具体的な地名は忘れたが、登山の中でも上級者コースで
今にして思えばかなり無謀な挑戦だった。

2日で帰るつもりだったので、その分の食料と
暖をとるための着火物として雑誌を持っていった。

ちょっと寝坊したけど、最初は快調だった。
んでお昼になって食料として持っていったのが米軍のレーションというものなのだが
これがまずいのなんの!辛うじてオレンジジュースだけ飲めたが
栄養の補給には完全に問題があった。無理しても食えんぐらいまずかった。

体力にかなり問題が出てきたので、ペースが落ちてしまい
一泊しようと思っていた岩魚留小屋に到着する前に日没になってしまい
やむを得ず野宿をすることにした。

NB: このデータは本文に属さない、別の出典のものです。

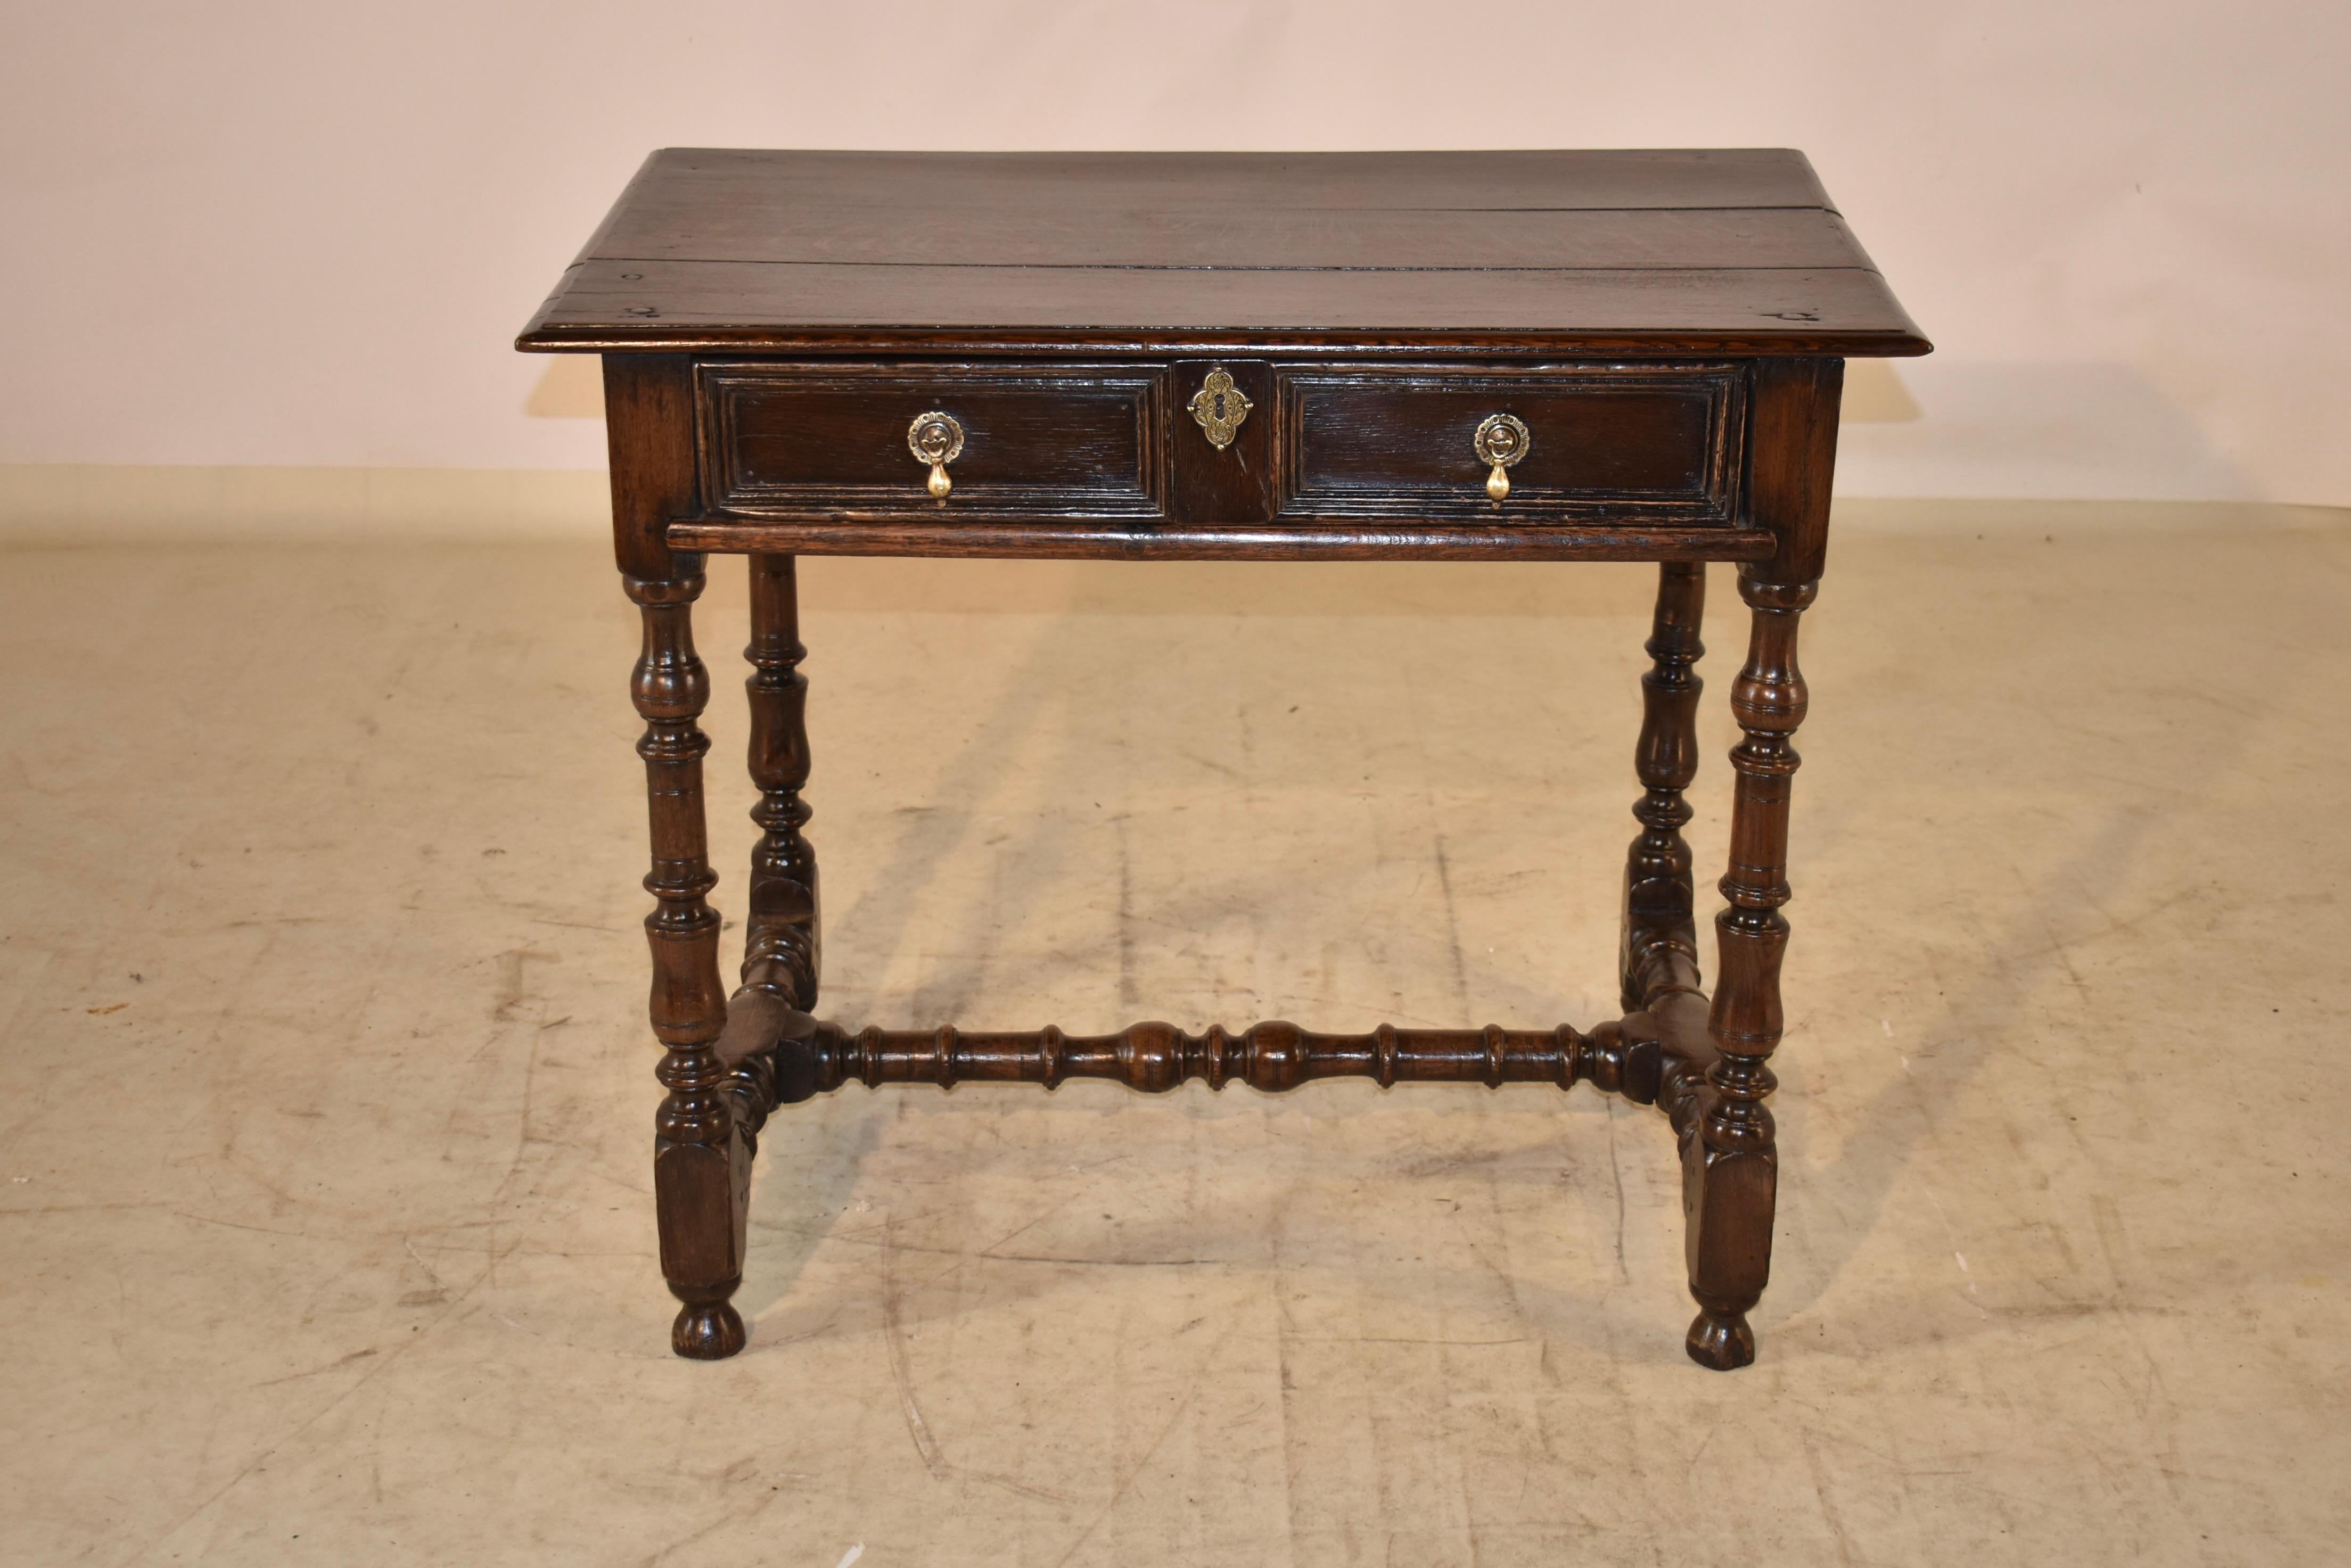 Late 17th-Early 18th century oak side table from England. The top is made from three boards, all with pegged construction and a beveled edge, following down to simple sides which feature a carved decorated band and a single drawer in the front,

一応テントは持っていた。
まめだらけの足にウィスキーで消毒しながら一夜を過ごした。
近くの滝の音が不安をかきたてて眠れない。
その内おしっこしたくなって、川原までいって用を足したのだが
懐中電灯で照らしても暗すぎて帰り道がわからない!
その誤差なんて5m位だったのだが、本当に暗くてわからないのだ!

まあそんな悲惨な一夜を過ごして明るくなってきたら
川で水浴びしてたら、ニホンジカとばったり遭遇。
向こうはびっくりして即逃げたのだが
途中でしばらく振り返ってこっちを見てた。

早々に岩魚留小屋に向かうべく出発したのだが
まともな食事をしてないので到着するまで苦労した。
岩魚留小屋で150円だか300円だか忘れたが
高いジュースを4本飲んでエネルギー補充。
一泊したかった。

そこから山頂を目指し始めたのだが、まさに地獄を見た。
地図を見ると距離的には大したことはなかったように見えたのだが
標高差が大きく50m進むのも大変な事態になった。
5分歩いては20分休むの繰り返し。
人間がガス欠を起こすとこういうことになるんだと理解した。

それでも何とか山頂へ到着し、ようやくまともな食事ができた。
下りはすいすい進んで夜には松本駅に到着。
もう最終電車が行った後だったので、駅で一泊した。

駅のトイレに行くときに明らかに酔っ払ってるヒョロヒョロの学生がいて
ちらっと見たら「何ガンくれてんだよ!」と絡まれそうになったが
私が普通に歩く速度より彼のフラつく追いかける速度が問題にならないぐらい遅かったので無視した。
階段の下で絡まれて私が上まで着いた頃に、彼は階段の半分も登ってなかったので
「これは無視しても問題なかろう」と判断して休憩所に戻った。
数十分後に見てみると、違う客とトラブルを起こしてた。

正直、呑むと人格変わる奴って呑んだ時の性格が本性なんだろうと思っている。

まあ散々な卒業旅行だったが、つまらない学生生活の中でも有意義な体験だったなと
懐かしく思い出せる旅でした。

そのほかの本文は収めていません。